Conor Rogers, Editor
Ideology: Center-Right | Writing from: Washington, DC

As you read, American guns held by Egyptian police are currently aimed at protestors who have organized in the streets despite their access to any form of communication — internet, phone and television — being shut down by a US-backed President. The protestors want democracy, the US-backed President wants control.

Egyptian President Hosni Mubarak is not the Middle East’s worst strongman — not by any stretch of the imagination. He has persecuted no genocide, curried favor to no ethnicity and has presided over a generally moderate and tolerant society. This is all said, of course, in the context of a not so nice neighborhood defined by Saddam Hussein and the Saudi royal family. But Mubarak has also not gone the way of Turkey — the Middle East’s most successful, open, and free democracy (sorry, Israel, liberty does not bulldoze.) Hosni Mubarak is the Middle East’s Hugo Chavez, except he has been kind to our foreign policy. Chavez, in the context of Chile’s Pinochet or Nicaragua’s Ortega, is not the worst the region has seen; but he remains a dissident-silencing opposition-jailing electioneering “President.” Chavez and Mubarak have won elections, but the opposition was barred from participation and arrested. Mubarak’s Egypt could be far more democratic and free, but Egypt has never been given the true opportunity to no longer be Mubarak’s.

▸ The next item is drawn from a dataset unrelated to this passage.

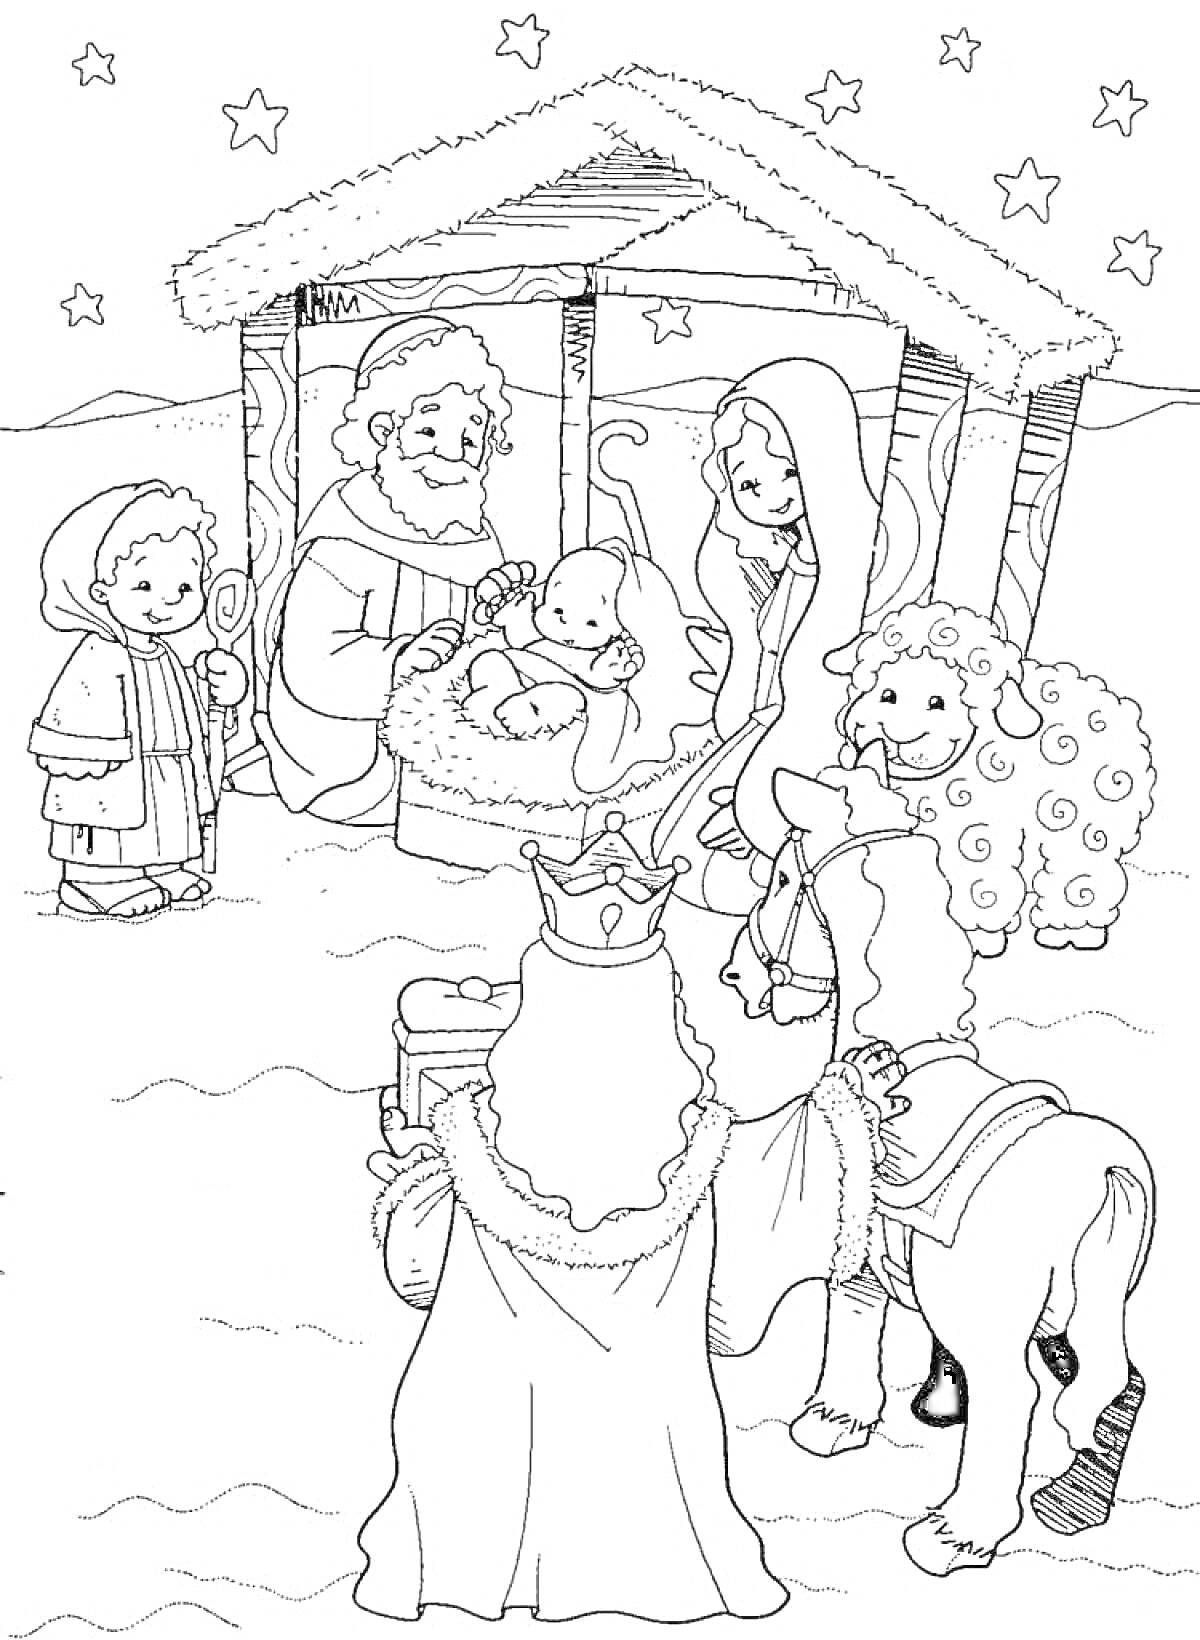 Рождественская сцена с младенцем Иисусом, Марией, Иосифом, пастухом, тремя волхвами и ангелами в хлеву под звездами.

Mubarak has been America’s friend and ally, but is exemplary of another case of America’s ‘Musharraf Syndrome’ — our tendency (or at times, necessity) to back stability over democracy in the world’s conflict zones. Egypt’s uprising is the perfect opportunity for America to reflect on this reality of international politics, and to make a change. We cannot simultaneously fund democratic strides in Iraq and Afghanistan while our billion dollars of military aid opens fire on Egyptian teenagers defying curfew to shout “Freedom, God Wills It.” This protest is America’s protest, it was her founding cry in 1776, it is what our soldiers have died for in Iraq and Afghanistan, in Germany and Japan and on our own soil for the liberty of slaves.

We cannot send men to die for democracy and free societies in Iraq and Afghanistan while trampling others who want the same. Democracy in the Middle East is no simple task, and we must cheer its rising, especially when our soldiers need not die for it.

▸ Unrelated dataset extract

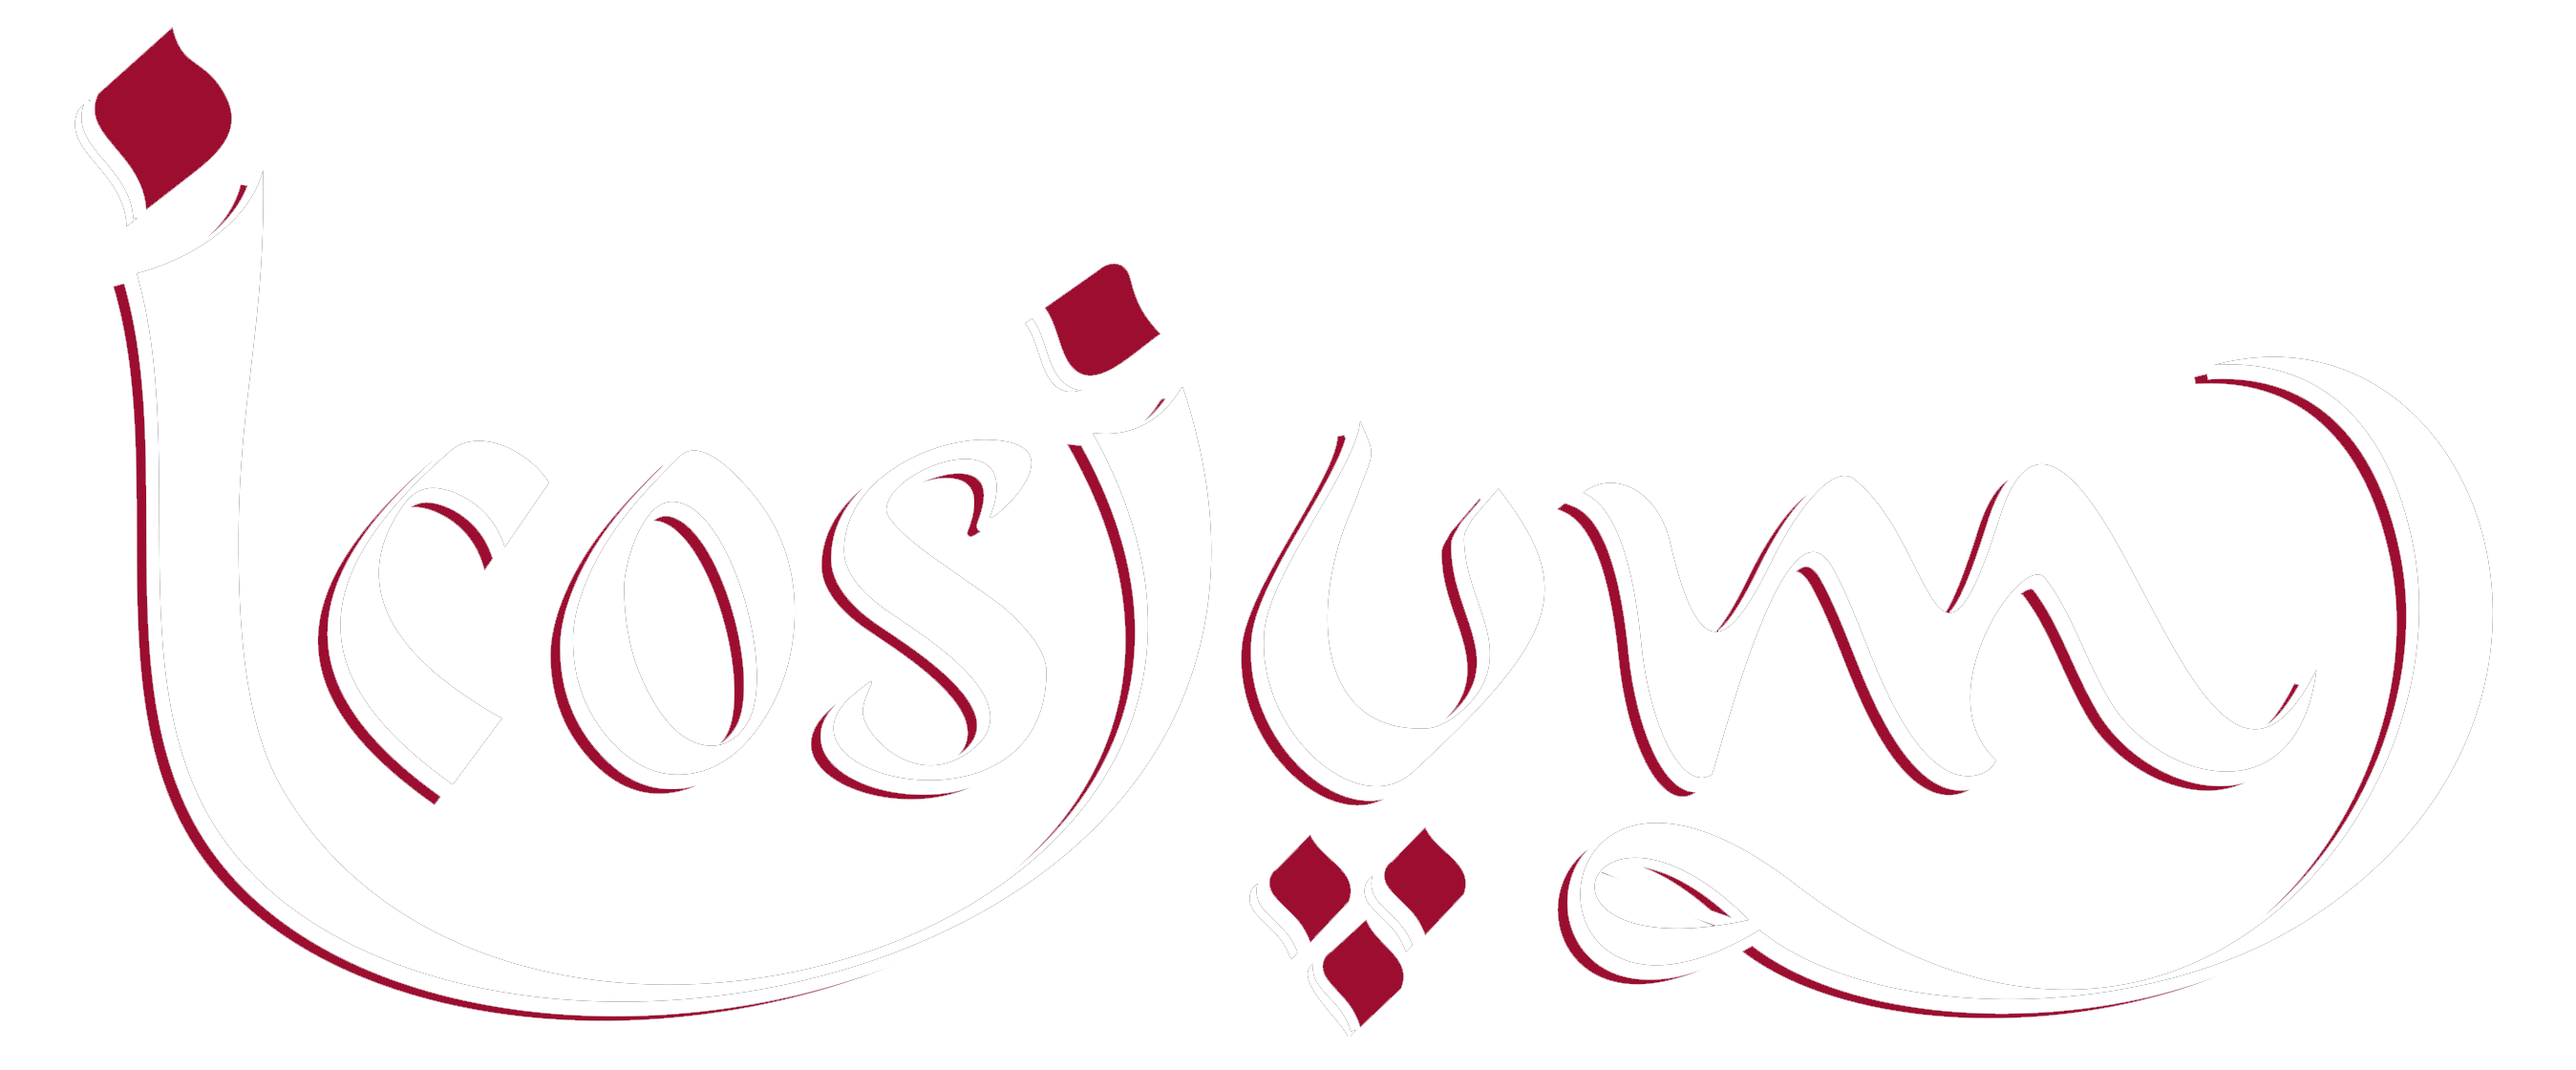 Icosium - restaurant algérien à Paris depuis 1988

Some are afraid that an Islamic party may rise to power in Mubarak’s absence, and although that opinion is somewhat ignorant of Egypt’s moderate and tolerant undercurrents, an Islamic party is likely to be a part of a functioning Egyptian democracy. Democracy without an Islamic party (and that does not mean fundamentalist) in the Middle East is likely not possible, and we must realize what we wish for when we wish for Arabic democracies. We are dealing with a region of the world that interrupts their lives five times daily to pay respects to God, and to wish that out of their politics is unrealistic. To do so is akin to wishing the pro-life movement out of the United States or hoping that supporters of same-sex marriage would simply ‘drop it’. Islam has guidelines for its faithful and their participation politics, our nation’s primary religion has no such decree. I can be a religious christian and keep Christianity out of my politics because my Christianity does not order me into it. An Islamic political party is a natural step for any democratic, but very faithful muslim.  We must be mindful that the United States is one of only a handful of nations in the world without an explicitly religious party, and that where there are religious parties, they are often outflanked by a ruling centrist majority.

But regardless of who may arise as the victor in Egypt’s eventual democratic contests – we must still cheer on their democratic demands, and while we need not demand Mubarak flee into exile, President Obama must demand he hold free and fair elections. This middle ground — between dictatorship and exile — is the way forward. We have nothing else to rightfully demand from another nation except free elections and respect for liberty. Mubarak has neither.

As a nation, we have refused to curtail our own simplest freedoms like the privacy of a phone conversation and miranda rights and we embark upon national uproar at TSA agents reaching between our legs; but our foreign aid dollar backs civil liberties nightmares far worse than this in Egypt. People who speak ill of the President are jailed, elections are not fair, corruption is rampant and a blind eye is turned to the “disappearance” of anti-government protestors. A water cannon ripping through a sign that pleads for freedom and knocking its bearer to the ground is not the actions of an any American friend. This doesn’t sound like an American ally because while Mubarak is an ally to America’s interests abroad, he is no friend to our ideals and what we believe as a nation.

Egypt must have freedom, Insh’Allah — God willing.